Crews make some progress to restore power in Pee Dee, Grand Strand
By Associated Press
By WBTW News Staff
Live Oak tree down on Belin Drive in Murrells Inlet. Courtesy: Austin Bond
The number of outages are starting to drop but there's still thousands in the dark going into the weekend.
In our area outages include services from Duke Energy, Santee Cooper, and Horry Electric in the following counties.
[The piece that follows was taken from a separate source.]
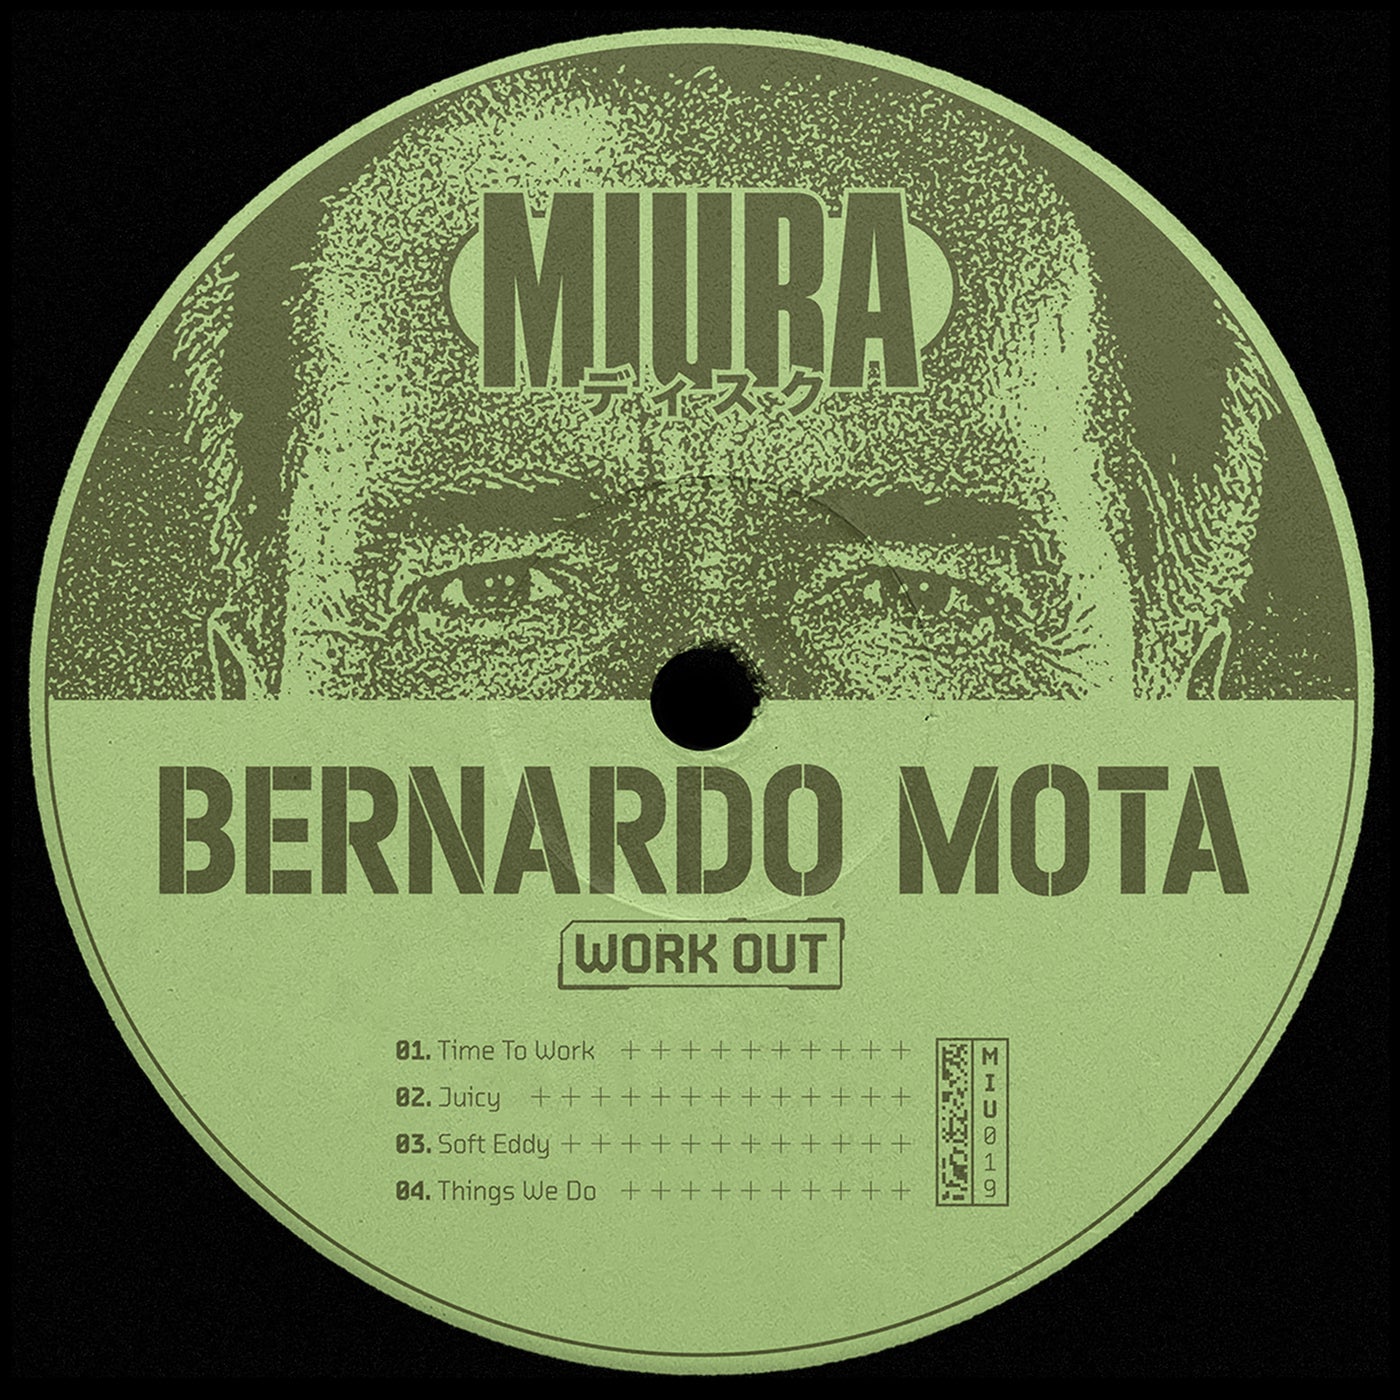 Bernardo Mota - Work out [MIU019]

Here are the numbers as of 10 pm Friday....
Horry: 5,560 -- down from 12,700 late Thursday Georgetown: 600 -- down from 8,000 late Thursday Florence: 11,000 - down from 22,000 Friday morning Marion: 7260 -- down from 12,000 Thursday Dillon: 2,726 -- down from 5,300 Friday morning
Friday at 5:30 pm, the state's 20 co-ops reported more than 40,000 consumers who did not have electricity, which is down from 117,000 Friday morning.
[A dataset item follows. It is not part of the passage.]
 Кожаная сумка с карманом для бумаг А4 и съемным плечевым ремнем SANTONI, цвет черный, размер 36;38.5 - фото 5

The main areas impacted are Florence and Marion counties in the Pee Dee. Pockets of Conway, Little River, Murrells Inlet and Garden City have also been in the dark since Wednedsay.
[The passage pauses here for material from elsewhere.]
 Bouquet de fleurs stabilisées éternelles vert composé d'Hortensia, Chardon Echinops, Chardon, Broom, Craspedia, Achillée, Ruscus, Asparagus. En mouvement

Marion County -- with Marion itself -- continues to be hit hard. Of about 12,000 customers in Marion County more than half are still without power Friday night.
"We've already had one limb go through the windshield of a bucket truck," said Mark Walling, Coastal's vice president of engineering and operations. "So, we're working very hard to repair outages while keeping our lineworkers safe."
The American Red Cross has opened a general population shelter at South Florence High School, 3200 S. Irby Street, Florence. Folks are urged to bring prescription medications, pillows, blankets, personal items and clothing.
Another shelter is open at Lake City High 652 N. Matthews Rd in Lake City SC.
22 line workers from Kentucky are in South Carolina to help restore power for the co-ops. Earlier today, additional assistance was requested from co-ops in neighboring states. More than 150 co-op personnel will arrive in South Carolina over the next 24 hours to help the restoration efforts.
Marion County 911 Center is on emergency power due to an outage in the area of US76 and US501 Bypass.
Duke Energy reminds customers to have a battery powered radio ready on hand and be aware of what's happening outside. They caution people to not heat their home with a gas grill and remind customers to stay away from any fallen power lines.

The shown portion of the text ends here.